Reproduce the listing that follows character for character, excluding its pictures.

Supplied material:
▼

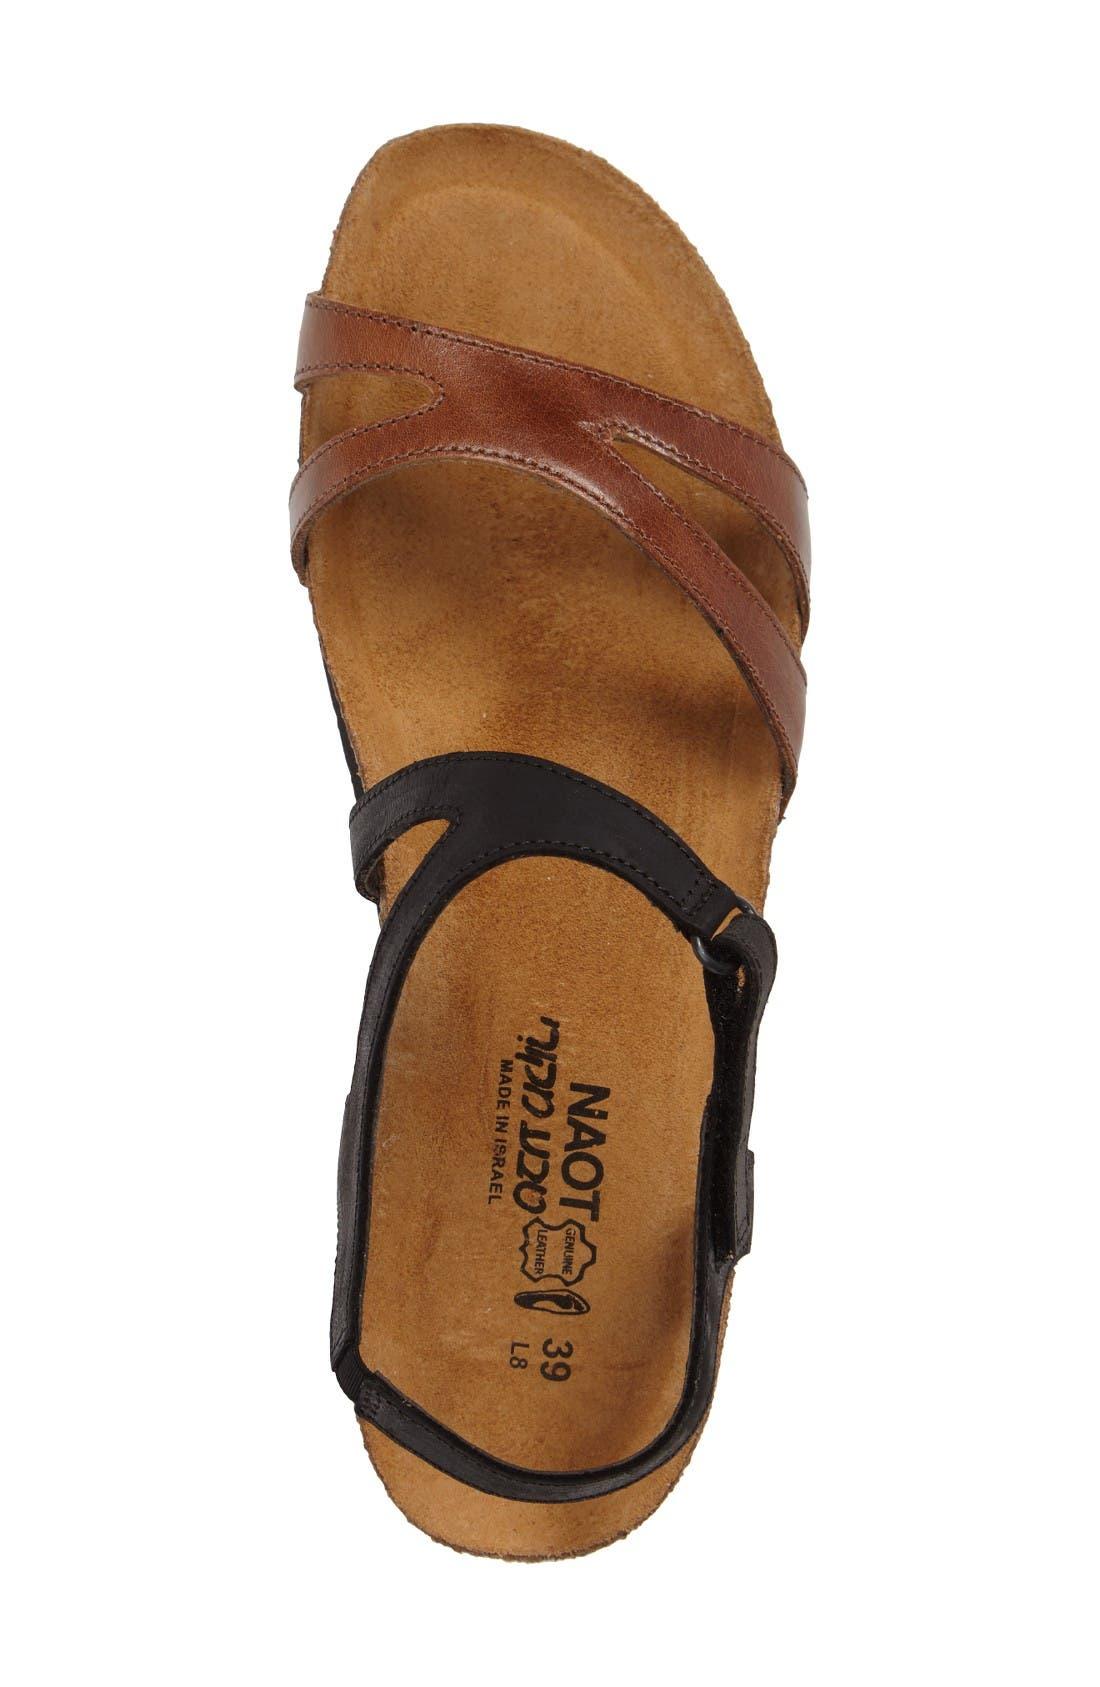 Janis Sandal,                             Alternate thumbnail 3, color,                             Brown/ Black Leather
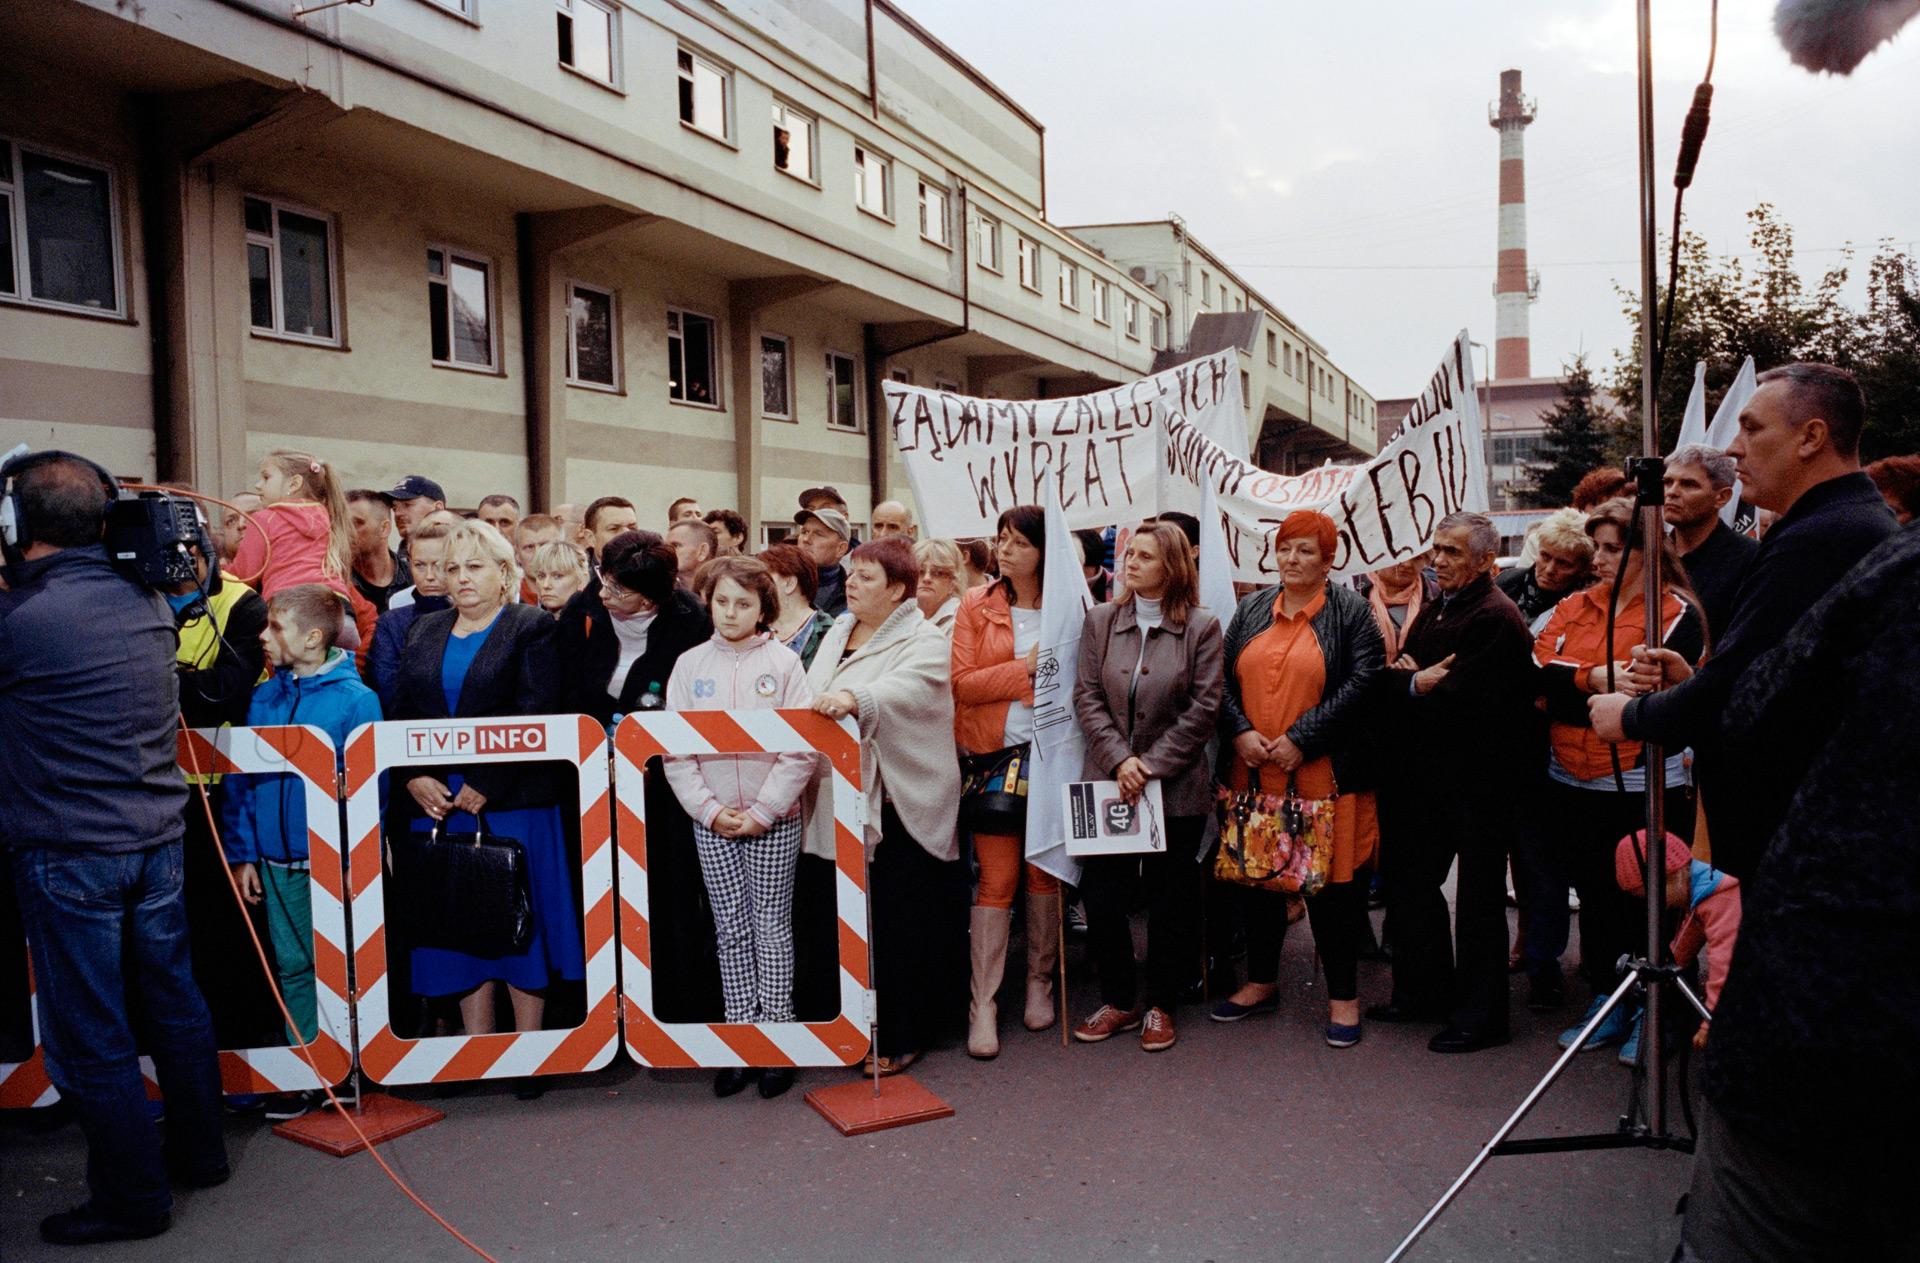 Grève de mineurs à la mine de Węgla Kamiennego Kazimierz Juliusz, Sosnowiec. 2015
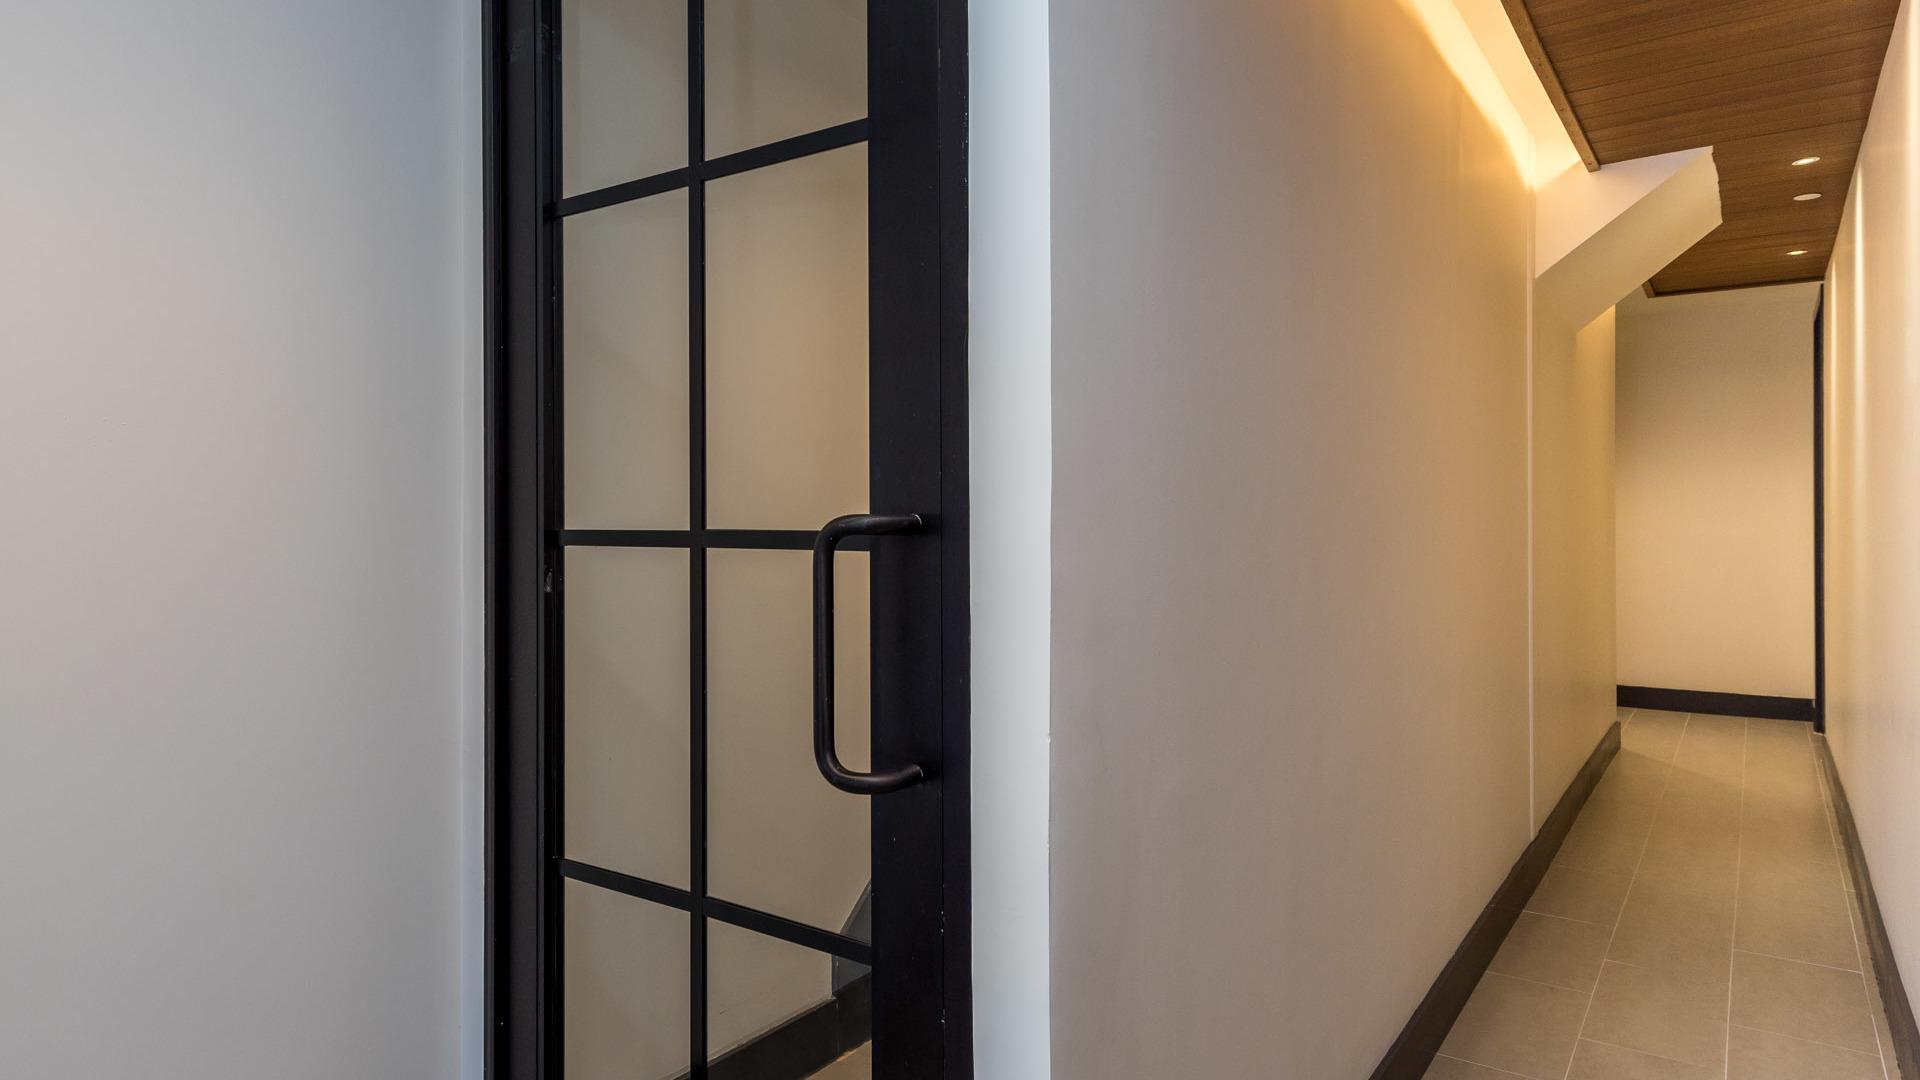 161 winthrop street interior first floor 1

▲

Problem solution:
 Janis Sandal,                             Alternate thumbnail 3, color,                             Brown/ Black Leather
 Grève de mineurs à la mine de Węgla Kamiennego Kazimierz Juliusz, Sosnowiec. 2015
 161 winthrop street interior first floor 1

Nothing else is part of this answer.